Background: HTML, Markdown, and how this debate started
The problem this debate is reacting to
Why Markdown won the default for AI agents
The two camps
A practical rubric
The broader pattern: agent-native protocols
Where this is heading
FAQ

Background: HTML, Markdown, and how this debate started

HTML and Markdown are both markup languages, but they were designed at different times for different purposes.

HTML (HyperText Markup Language) was created by Tim Berners-Lee at CERN in 1990 as the foundation of the web. It is expressive: tags for structure, CSS for styling, SVG for graphics, embedded JavaScript for interactivity, spatial layouts. It renders natively in every browser. It was designed for humans to read web documents in browsers.

Markdown was created by John Gruber in 2004 as a lightweight alternative for writing web content. The design goal was readability: a Markdown file should be publishable as-is in plain text without looking like it has been marked up. Simple syntax (# for headers, ** for bold, [text](url) for links) converts cleanly to HTML. Markdown is the default format for documentation in most developer tools today.

Both formats predate AI agents entirely. Neither was designed with a machine producer in mind.

The current debate about which one AI agents should use as a default became public when an engineer on Anthropic's Claude Code team published a piece arguing HTML should replace Markdown as the standard output format for AI agent work. The post drew widespread attention. Andrej Karpathy publicly backed the recommendation. The disagreement that followed (a notable counter-piece argued HTML "chases visual gloss at the expense of source readability, security, ecosystem compatibility, and reviewability") sharpened the structural question agents are now forcing: what's the right substrate for agent-to-human communication given that agents produce more output than humans can read?

The problem this debate is reacting to

LLMs produce more than humans can read. An HBR study earlier this year found that workers under high AI oversight reported 19% more information overload, 14% more mental effort, and 33% more decision fatigue. The format an agent produces in is the lever that decides how much of that output a human actually consumes.

That format is now contested.

Why Markdown won the default for AI agents

Markdown won the default for three practical reasons. The major AI coding tools ship with it as the standard output for plans, specs, and documentation. It uses about 68% fewer tokens than HTML. It performs well on machine-comprehension benchmarks where token efficiency matters: RAG pipelines and large-document tasks see meaningful accuracy improvements when ingesting Markdown over raw HTML, because the lower token overhead leaves more context budget for actual reasoning. (Research on raw structural understanding of tables is more mixed; HTML can outperform Markdown in some controlled benchmarks when context budget isn't the constraint.) Infrastructure providers (Cloudflare among them) have shipped Markdown-conversion features specifically for AI agent ingestion. And Markdown can be edited in any text editor with clean version-control diffs.

All those reasons assume the human is going to read and edit the file.

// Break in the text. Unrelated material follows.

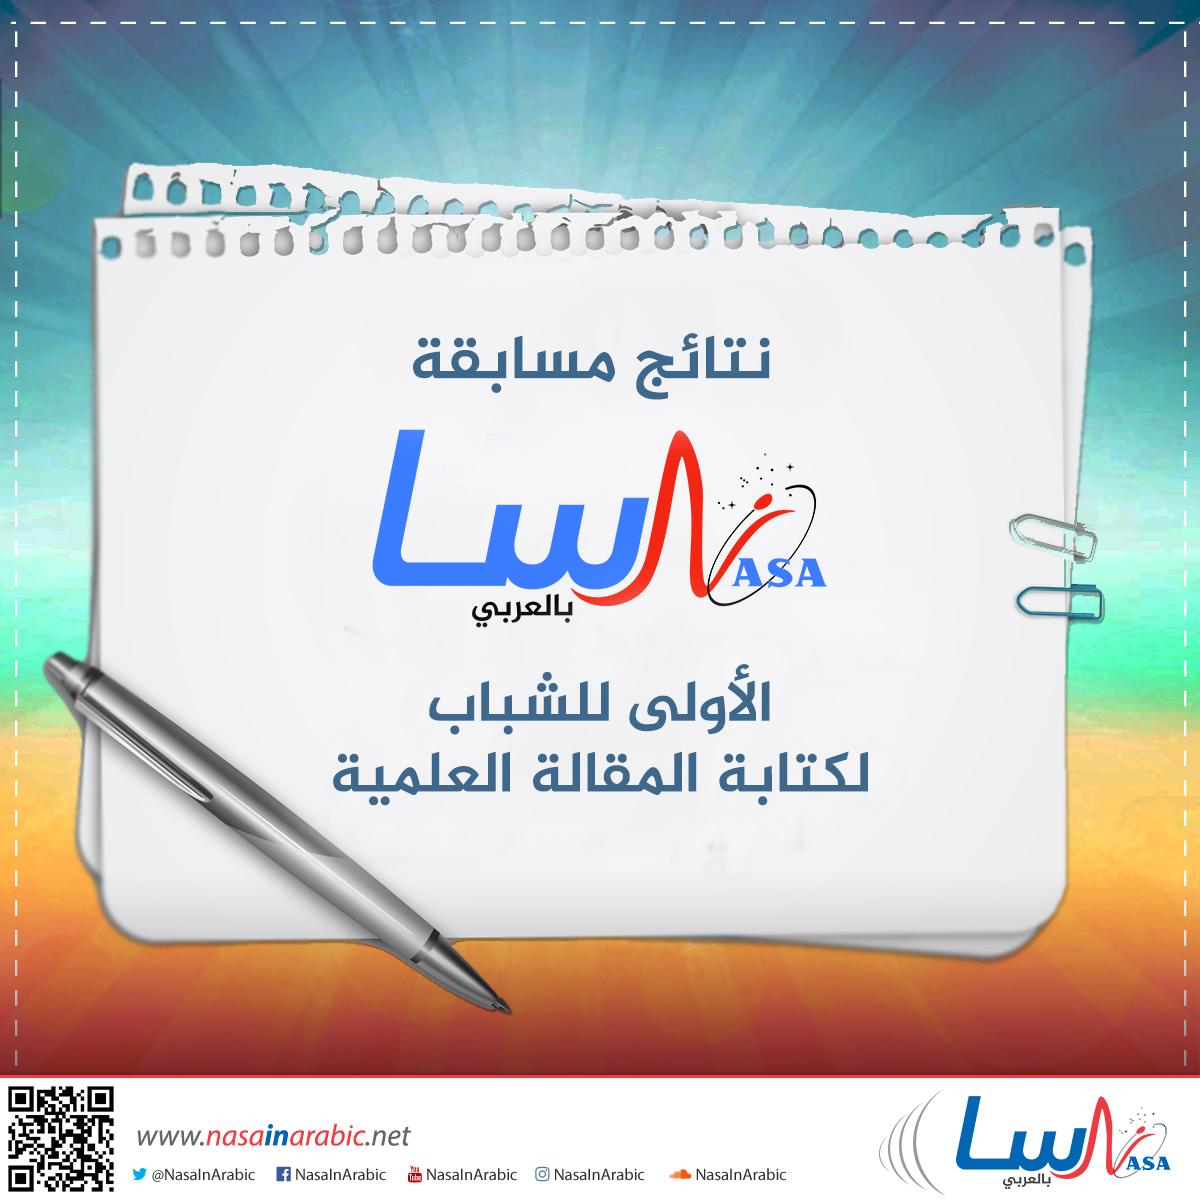 نتائج مسابقة ناسا بالعربي الأولى للشباب لكتابة المقالة العلمية

That assumption is breaking down. Most readers don't finish a 100-line Markdown document. Markdown isn't using the visual bandwidth the brain has available.

The two camps

The fight is over what to do about that gap. Two structurally different answers.

HTML. Roughly 30% of the human cortex is dedicated to visual processing. Markdown gives it almost nothing to work with: bold, italics, headers, bullets, tables. HTML gives it tables, CSS, SVG, embedded scripts, interactive components, spatial layouts.

The pros are real. Information density. Visual navigation. Shareability via URL. Two-way interaction (sliders, buttons, copy-as-JSON exports).

The use cases it unlocks are broad. Implementation plans with embedded mockups and live code snippets. Code review artifacts that render actual diffs with inline annotations and color-coded severity. Research reports with SVG flowcharts and tabbed navigation. Interactive prototypes where sliders tune parameters and a button exports the result back into the coding session. Custom one-off editors for triaging tickets, tuning prompts, picking values that are painful to express in plain text (colors, easing curves, cron schedules, regexes). The output stops being a document the human reads and becomes a small, transient interface the human can act on.

Production has followed the argument. Anthropic shipped Claude Artifacts (interactive HTML rendered on demand inside the Claude interface). OpenAI added HTML and React rendering to ChatGPT Canvas. Salesforce's Agentforce processes over 4M agent sessions across 133K+ agents, converting LLM text to structured UI components using its Adaptive Response Formats. This isn't a fringe preference. It's where the platforms with the most volume have already landed for agent-to-human delivery.

The cons are also real. HTML costs 2-3x more tokens for clean content and 8-10x with CSS and JavaScript, and takes 2-4x longer to generate. One developer's published cost model put HTML output at roughly $11K/year against $6.6K for Markdown at modest scale (a few hundred files, a few dozen sessions per day), with the explicit caveat that exact numbers depend on model pricing and implementation. Agent-generated JavaScript becomes runnable code in the reader's browser, which is a real XSS exposure: reading text becomes running code, with all the security implications that entails. HTML diffs are noisy. Editing requires tools.

The deeper concern in the Markdown camp is about source legibility. HTML's raw source is hostile to read, so if humans only consume rendered output, the ability to audit what the agent actually wrote degrades. If reviewability is what makes an artifact serious, anything that can only be reviewed after rendering is structurally weaker than something legible in its source.

Markdown. It's the lingua franca of developer collaboration platforms: GitHub, GitLab, Notion, Discord, and most chat surfaces with Markdown-style rich text. It's greppable, diffable, version-controllable. A plain-text Markdown file written today is more likely to survive format migrations and link rot than equivalent HTML with CSS and JavaScript dependencies, although the picture isn't perfect (CommonMark, MDX, and GitHub Flavored Markdown have created their own dialect fragmentation). The diagram limitation is overstated, too: modern Markdown integrates with Mermaid and PlantUML for declarative diagrams without the bloat of HTML/SVG source. And its source stays legible whether rendered or not.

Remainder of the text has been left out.